Title: Running the penultimate lap of the race: a multi-method analysis of growth, generativity, career orientation and personality amongst men in mid/late career
Authors: Arnold, John
Clark, Mike
Keywords: Mid-career
Late career
Career stage
Career orientation
Personal growth
Ego development
Ego resiliency
Issue Date: 2016
Publisher: Wiley / © The British Psychological Society
Citation: ARNOLD, J. and CLARK, M., 2016. Running the penultimate lap of the race: a multi-method analysis of growth, generativity, career orientation and personality amongst men in mid/late career. Journal of Occupational and Organizational Psychology, 89(2), pp.308-329.

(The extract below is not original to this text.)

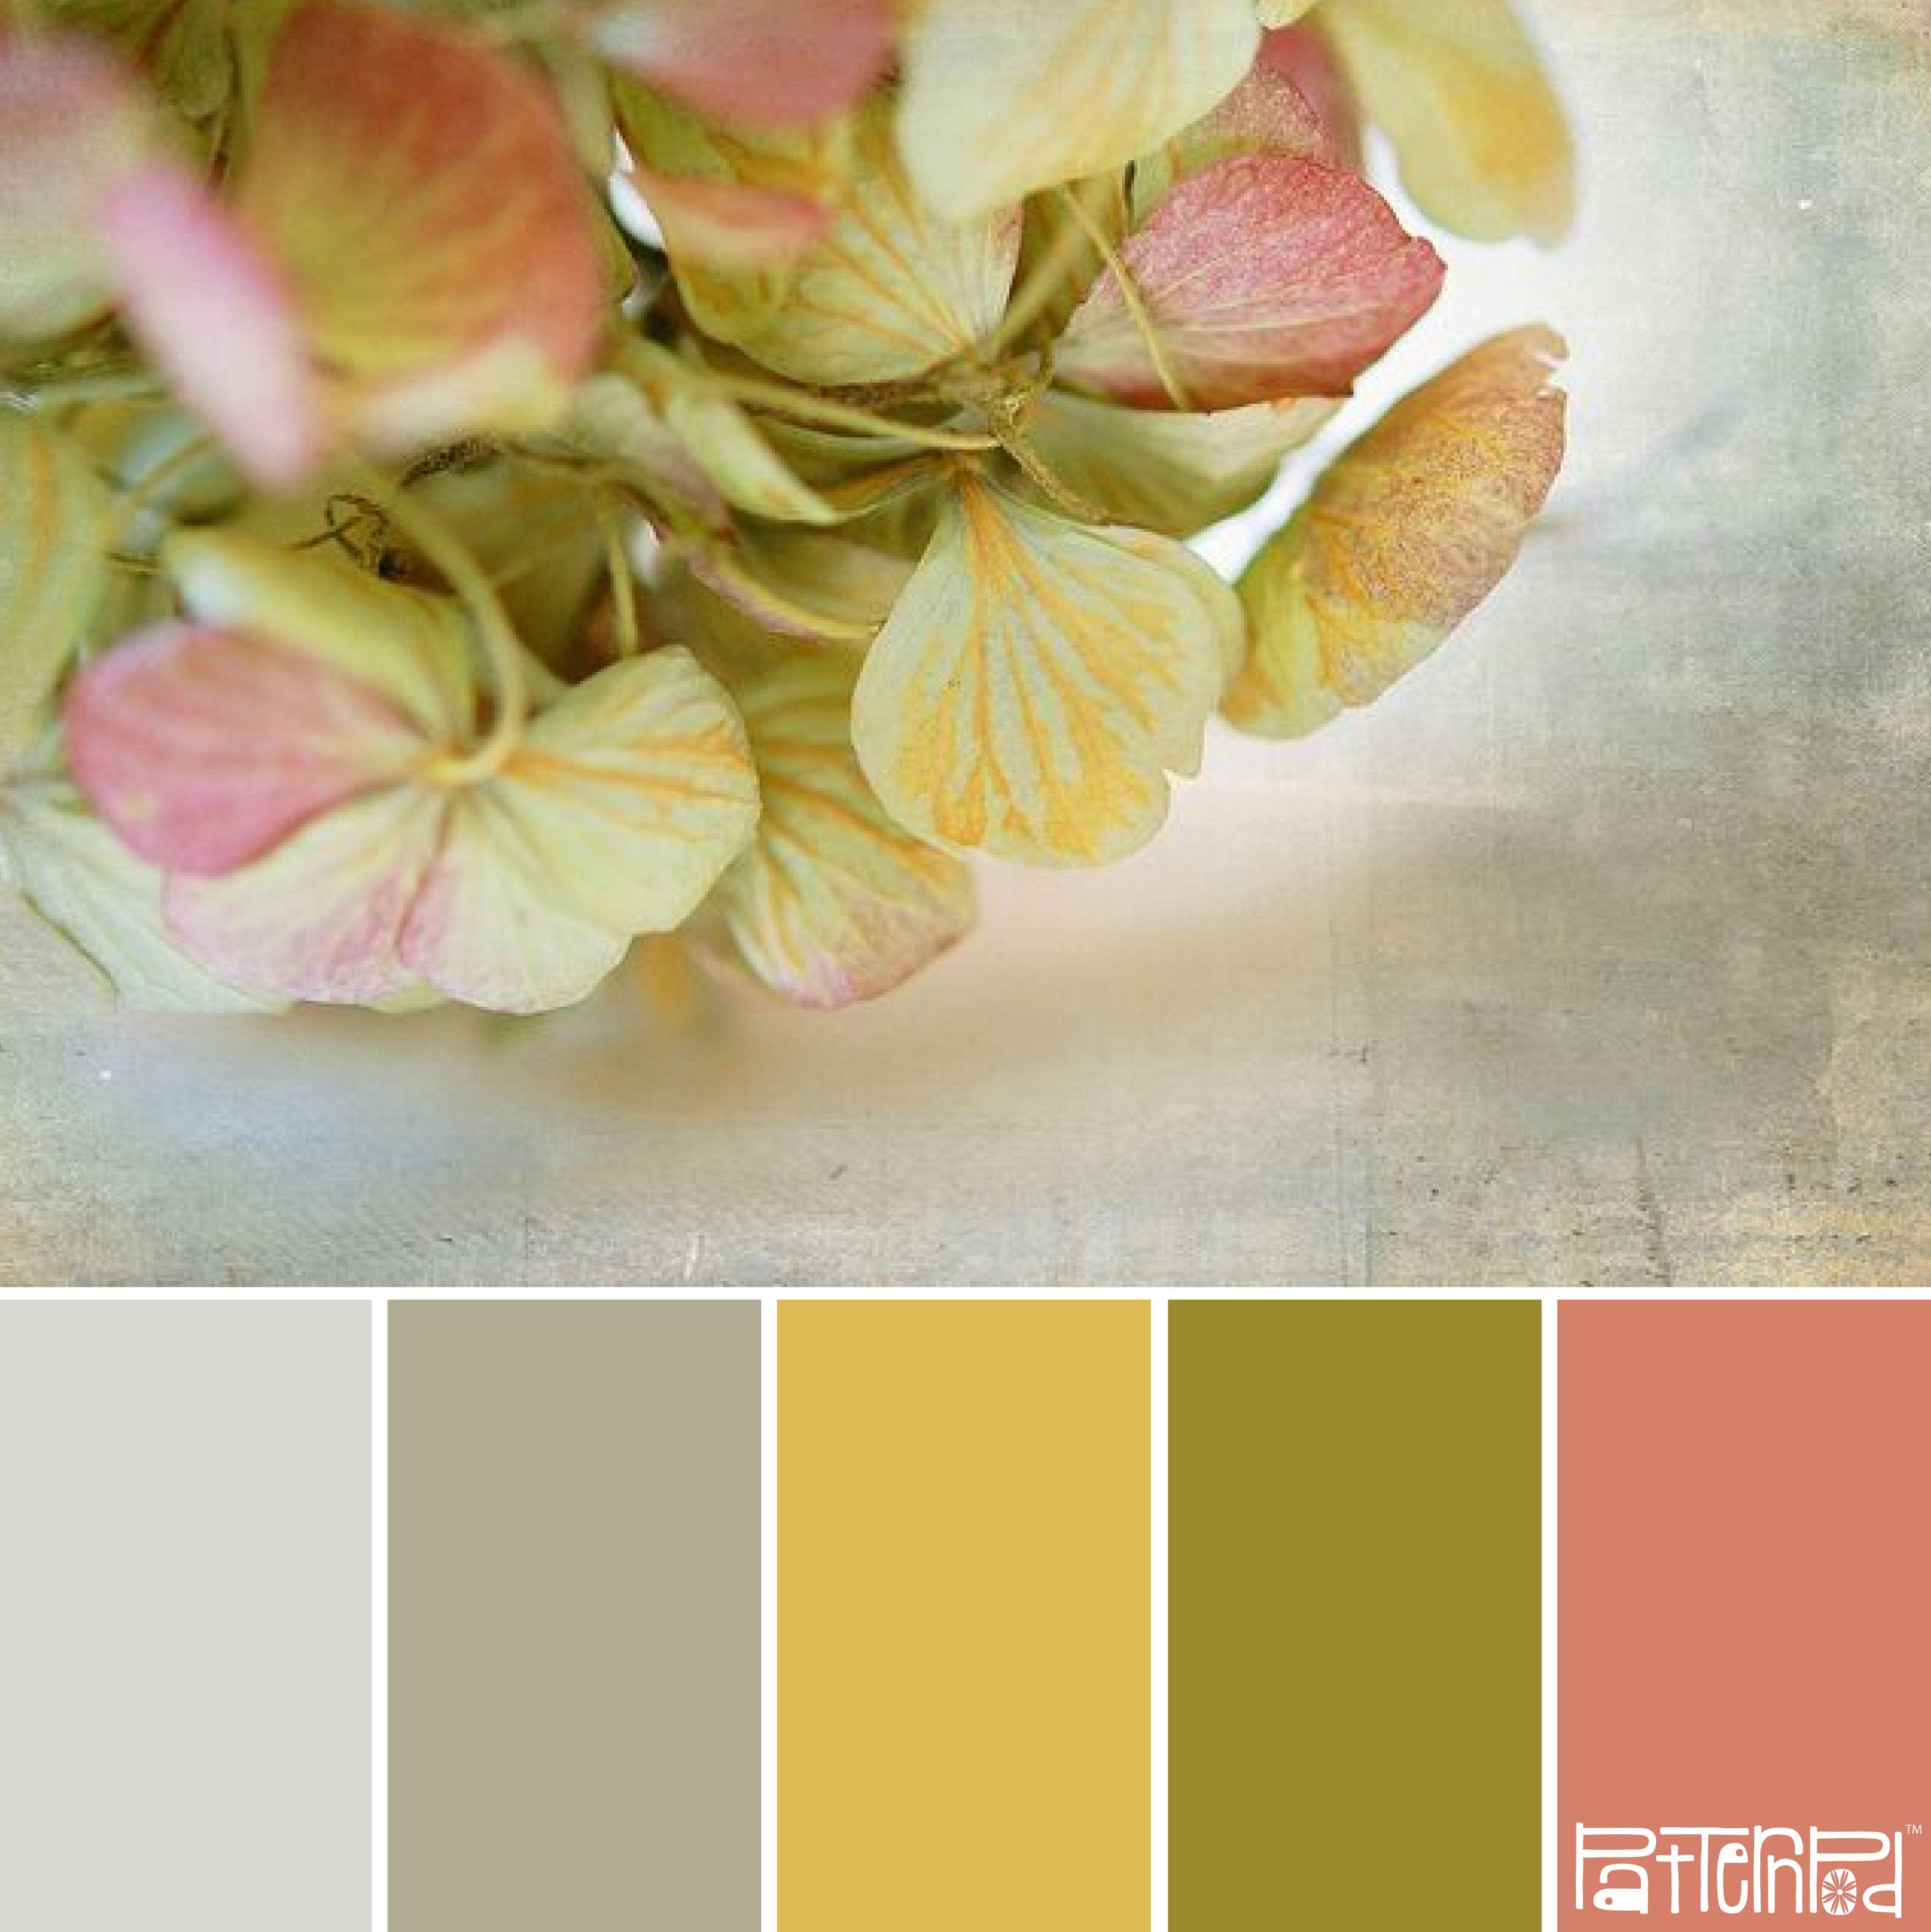 Such Gorgeous Colors And Softness: Tonos Y Colores

Abstract: The dynamics of development in mid/late career are relatively uncharted territory in empirical research and represent a point of intersection between work/organizational psychology and lifespan developmental psychology. Using multimethod data from a study of 41 men aged between 45 and 55, we investigated the correlates and compatibility of two key developmental phenomena at this career stage: personal growth and generativity. We found that a forward momentum career orientation (not necessarily in the form of hierarchical advancement) was positively associated with personal growth and generativity, whereas a preoccupation with career maintenance had strong negative relationships with both. However, men's orientation towards their career did not uniquely predict growth or generativity when these variables were also regressed on the personality traits of ego resiliency and ego development, suggesting that personality more than subjective career stage is the root of a positive experience of mid/late career. We also conclude that the importance of personal growth is not confined to the first half of career and that contributing to others (i.e., generativity) is compatible with the ostensibly self-focused concerns of growth. Differences between findings from self-report questionnaire and coded interview narratives suggest that method matters in the investigation of these constructs.
Description: This paper is embargoed until May 2017.
Version: Accepted for publication
DOI: 10.1111/joop.12125
URI: https://dspace.lboro.ac.uk/2134/18384
Publisher Link: http://dx.doi.org/10.1111/joop.12125
ISSN: 0963-1798
Appears in Collections:Closed Access (Business School)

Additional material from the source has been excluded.